Receive the latest advancements, tutorials, and industry insights in video understanding

Search, analyze, and explore your videos with AI.

Jan 6, 2026

Jan 6, 2026

Jan 6, 2026

17 Minutes

17 Minutes

17 Minutes

Copy link to article

Copy link to article

Copy link to article

Introduction

You've shot two versions of a training video. Same content, same script, but different takes. One has better lighting, the other has clearer audio. You need to quickly identify exactly where they differ—not just frame-by-frame pixel differences, but actual semantic changes in content, scene composition, or visual elements.

Traditional video comparison tools have a fundamental limitation: they compare pixels, not meaning. This breaks down when videos have:

  • Different resolutions or aspect ratios

  • Different encoding settings or compression

  • Different camera angles or positions

  • Lighting or color grading differences

  • Temporal shifts (one video starts a few seconds later)

This is why we built SAGE—a system that understands what's in videos, not just what pixels they contain. Instead of comparing raw video data, SAGE uses TwelveLabs Marengo embeddings to generate semantic representations of video segments, then compares those representations to find meaningful differences.

The key insight? Semantic embeddings capture what matters. A shot of a person walking doesn't need identical pixels—it needs to represent the same action. By comparing embeddings, we can detect when videos differ in content even when pixels differ for technical reasons.

SAGE creates a complete comparison workflow:

  1. Upload videos to S3 using streaming multipart uploads (handles large files efficiently)

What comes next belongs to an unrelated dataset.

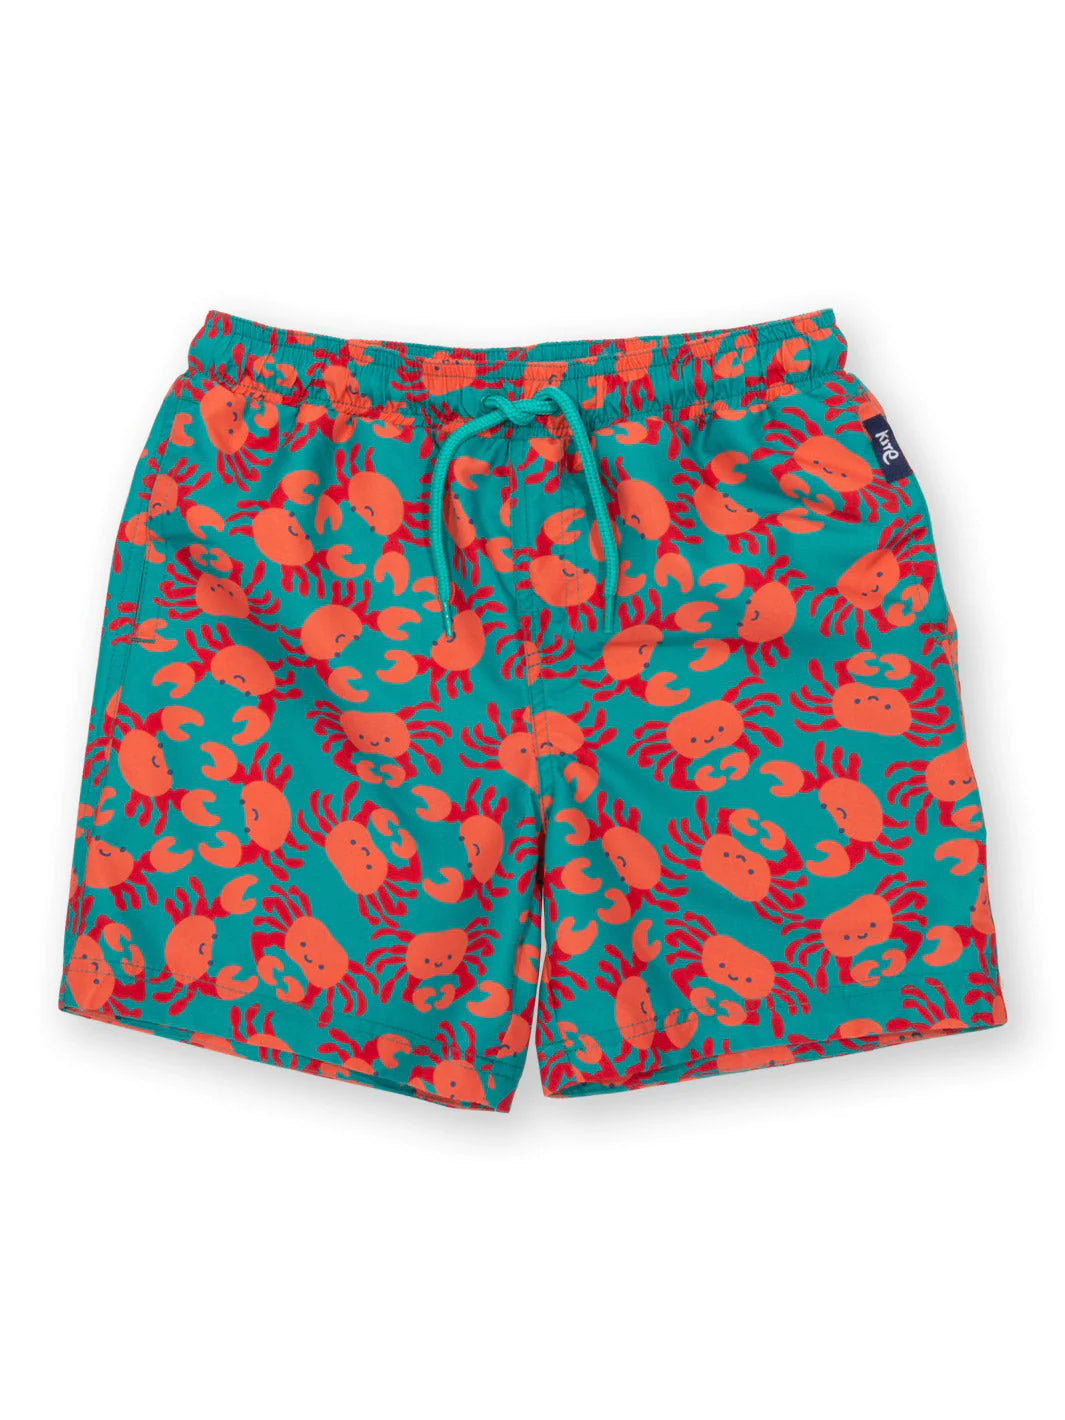 Happy Crab Swim Shorts

  2. Generate embeddings using TwelveLabs Marengo-retrieval-2.7 (2-second segments)

  3. Compare embeddings using cosine distance (finds semantic differences)

  4. Visualize differences on a synchronized timeline with side-by-side playback

  5. Analyze differences with optional AI-powered insights (OpenAI integration)

The result? A system that tells you what changed, not just what looks different.


Prerequisites

Before starting, ensure you have:

  • Python 3.12+ installed

  • Node.js 18+ or Bun installed

  • API Keys:

  • AWS Account with S3 access configured (for video storage)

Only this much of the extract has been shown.